# Bowtech Heartbreaker



## maineyotekiller

This bow is awesome! Shoot one and see if you like it. This replaced the Equalizer which was one of the finest short draw bows ever made. BowTech hit a homerun with this bow!


----------



## triciadb10

Like I said- at first I was trying to raise enough money to buy the passion- but I have heard that ladies are even choosing this way cheaper bow over the passion after shooting- I plan on trying one out soon. I think that bowtech really did a good job by supplying a good ladies bow that is ready to hunt and affortable for once .. and LOOKS AWESOME


----------



## mc'sbbb's

I'm in the same boat.....I'm just waiting for the heartbreaker to come in so I can try it.....although for a "ladies" bow they could have better color choices!


----------



## HMays

I just got the heartbreaker about a month ago and I LOVE IT! I use to have a hoyt but that just doesn't compare to the heartbreaker in my opinion. I am able to pull more poundage and it is a lot smoother draw then the hoyt was. I just don't think you can beat it fully equiped for the price.


----------



## Lykestalaf

I just bought a Heartbreaker too. I tried a few different bows out and found that my two favorites were the Heartbreaker and the Mathews Passion. In the end, I decided on the Heartbreaker. Both were light weight, well balanced and had a smooth draw. Price was the biggest difference. At $599 for the Heartbreaker RAK model, it is almost impossible to beat.


----------



## SCBIRDDOGMOMMA

I got a Heartbreaker for Christmas and I really love it!!! Reminds me of my Equalizers....


----------



## Simpleiowaguy

Check out the Bowtech Soldier. It is 400 RAK and pretty adjustable. I think the specs are 22-29Dl and 25-40 or 40-65 DW


----------



## Cmays

Simpleiowaguy said:


> Check out the Bowtech Soldier. It is 400 RAK and pretty adjustable. I think the specs are 22-29Dl and 25-40 or 40-65 DW


The biggest difference between the two is the limb design. Both are really smooth and perform great


----------



## Simpleiowaguy

I was trying to offer a cheaper alterative but the heartbreaker is a good deal for 600 ready to rock


----------



## bonecollector66

i bought the heartbreaker because im a short draw archer and didnt have much 2 choose from. was a little put off by the name, till i shot it! what a bow, my league and 3d scores jumped alot. great bow cant wait till deer season


----------



## Ruttinbucks

Hey lady's , I bought my wife the heartbreaker , is there a way to change the let off thank you


----------



## Ruttinbucks

I need to know if the cam stop should have one on each cam also , and if only one , Is it on bottom or top cam


----------



## bow up

It only has one draw stop. You might get a better answer on the Bowtech forum. Congrats to your wife on the new bow.


----------



## OCHuntress

Love my Bowtech. Went on an annual trip to Utah in August and tagged a buck with my new bow. I really researched and shopped and the Heartbreaker is the one I narrowed down to. Love it! I only have a 25" draw and pull 42 lbs. My Bowtech got me 3 inches more penetration over my old PSE.


----------



## Luckyeagle23

Dont be afraid to look into a Bear lines of bows , I believe that have the home wrecker and a friend of mines soon to be wife loves hers.... Super quiet and reasonably affordable.


----------



## threetoe

If you can find a good used Equalizer, BUY it!
Otherwise the heartbreaker is one incredible bow.
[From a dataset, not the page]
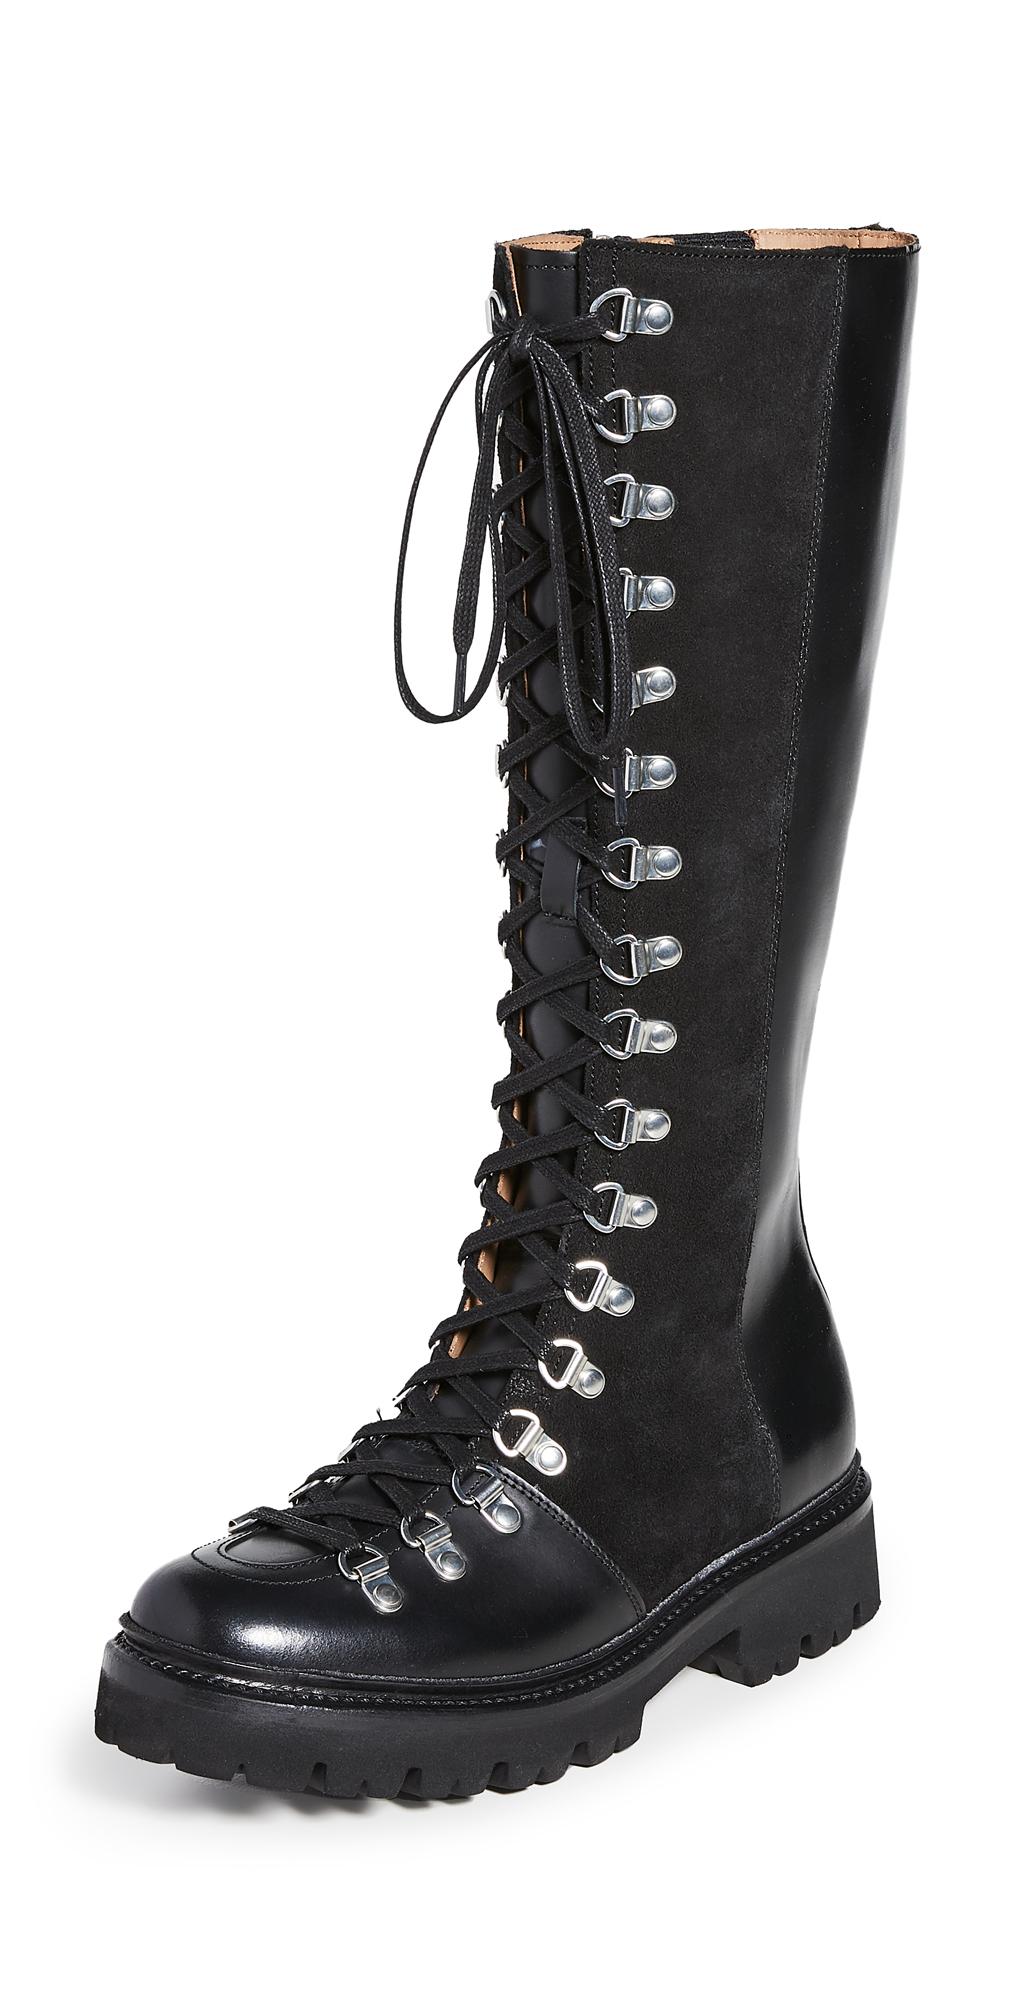 Grenson Nanette Hi Boots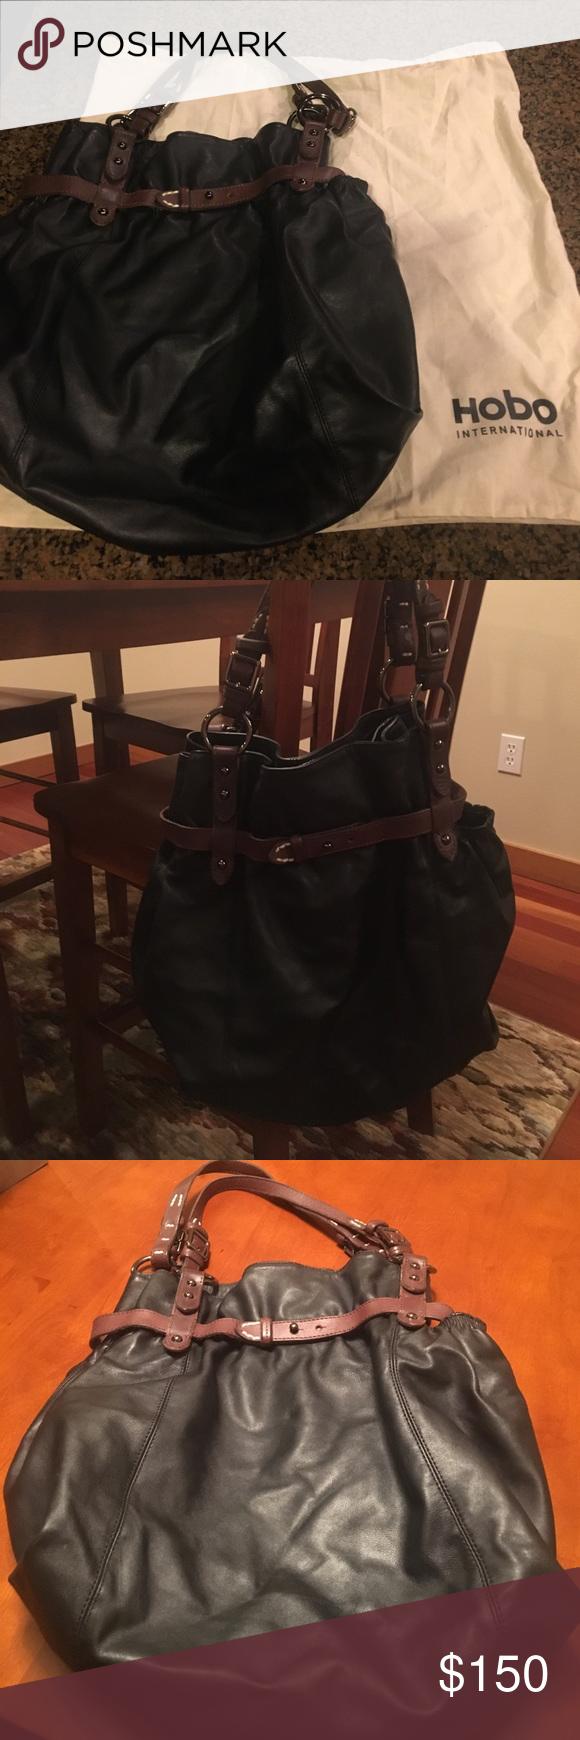 113f86d7bf8 Hobo International Black Bucket Bag   Bucket bags, Hobo bag and ...

My Ex wife was drawing 44 pounds, 25.5", shooting a 320 grain arrow and getting 245 FPS.
That equates to a 340 IBO spec.

With a 230 grain arrow she would have been getting 275 FPS.

That's one bad ***** bow.
Can't be beat for the price.


----------



## Ruttinbucks

Thank you


----------



## FredandKaren

I love my Heartbreaker! Just research bows and narrow it down from there. I am happy with my choice! Matthews are over priced. But you have to go with what is most comfortable for you!


----------